SQL questions from Goldman Sachs data engineering interviews.
These sql questions are sourced from Goldman Sachs data engineering interviews. Each includes an expert-level answer. This set leans toward the medium-difficulty band most real interviews actually live in (11 of 16). Recurring themes are join, partition, and window — these patterns appear most often in real interviews and reward the deepest preparation. Many of these questions also surface at Daniel Wellington and Swiggy, so the preparation transfers across companies. Average answer is around 1 minute of reading — plan roughly 1 hour to work through the full set thoughtfully.

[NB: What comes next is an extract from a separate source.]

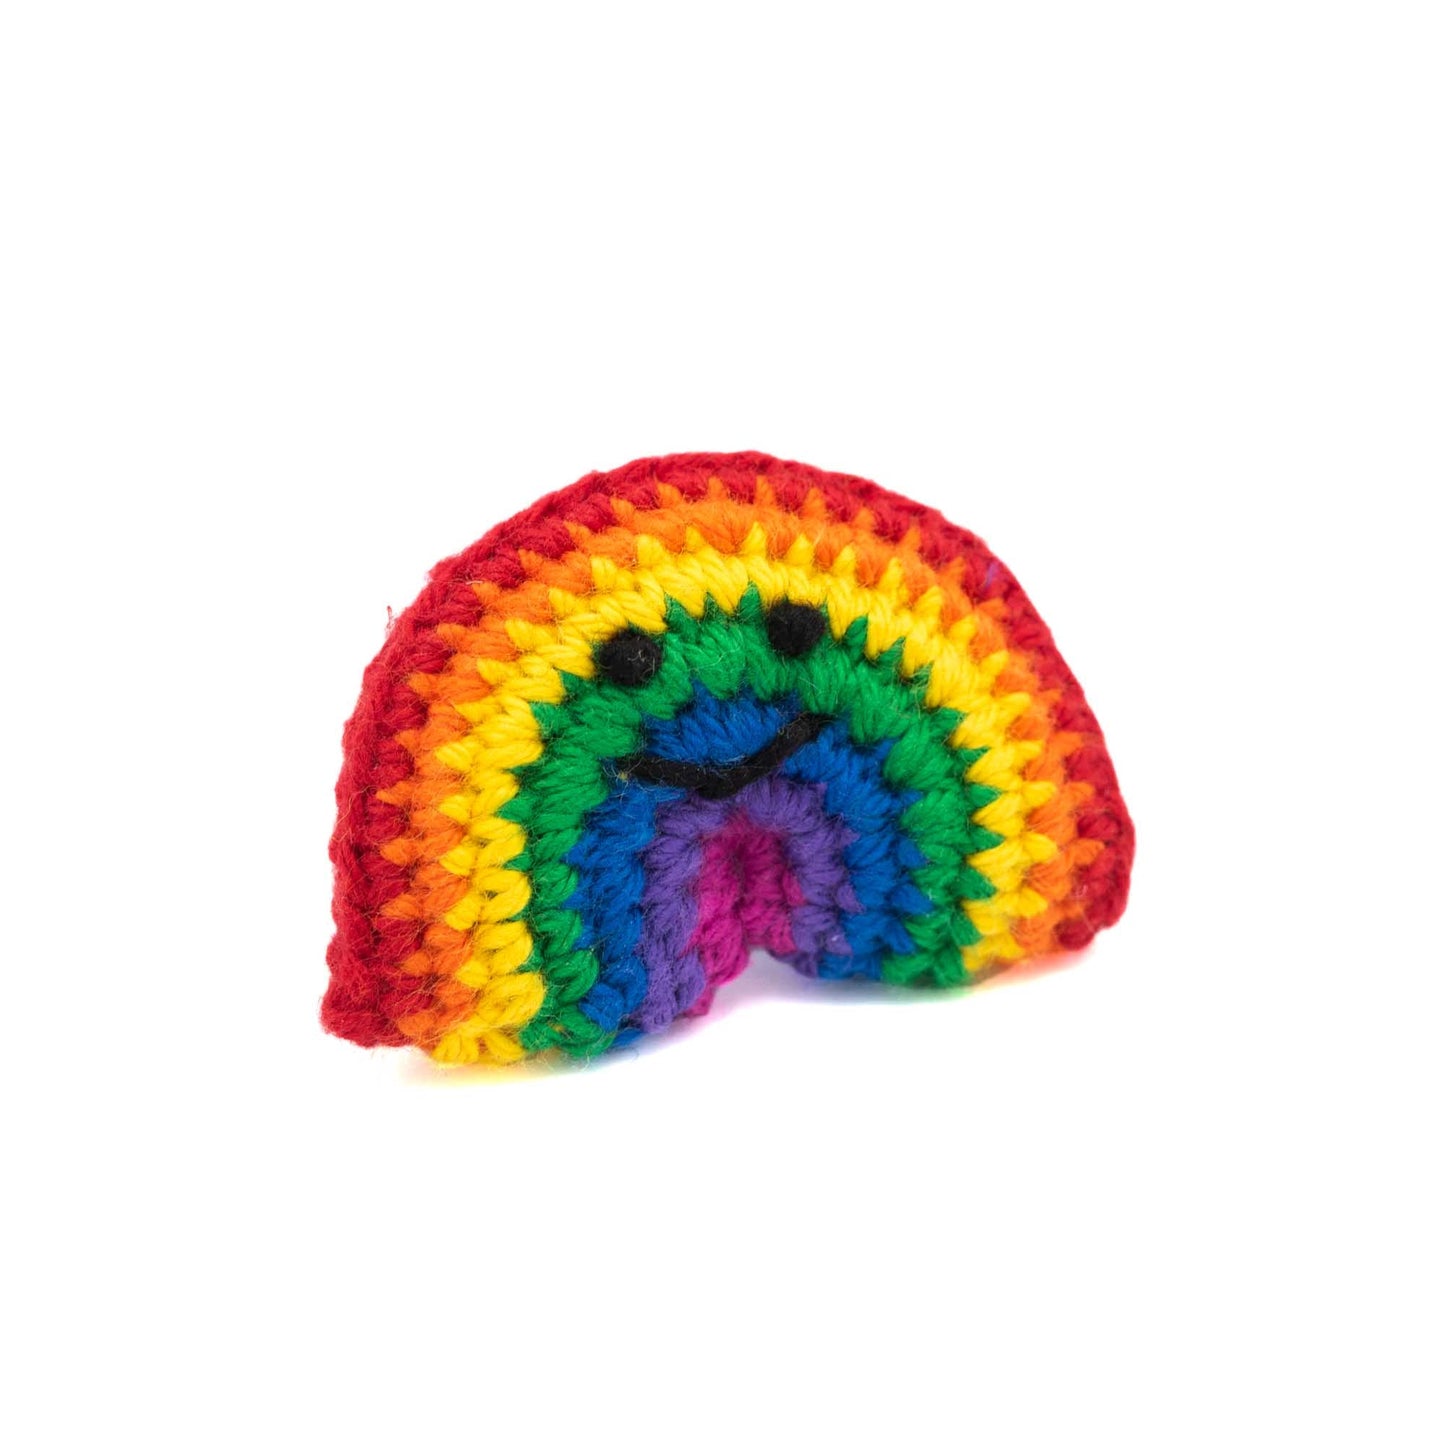 Load image into Gallery viewer, Crochet rainbow brooch with a little smiley face in black thread.

This collection contains 16 curated questions: 3 easy, 11 medium, and 2 hard. There's a strong foundation of fundamentals-focused questions — ideal for building confidence before tackling advanced topics.
The most frequently tested areas in this set are join (8), partition (8), window (4), sql (4), bigquery (4), and snowflake (3). Focusing on these topics will give you the highest return on your preparation time.
Start with the easy questions to warm up and solidify fundamentals. Medium-difficulty questions form the bulk of real interviews — spend the most time here and practice explaining your reasoning out loud. Hard questions often appear in senior and staff-level rounds; attempt them after you're comfortable with the basics. For each question, try answering before revealing the solution. Use our AI Mock Interview to simulate real interview conditions and get instant feedback on your responses.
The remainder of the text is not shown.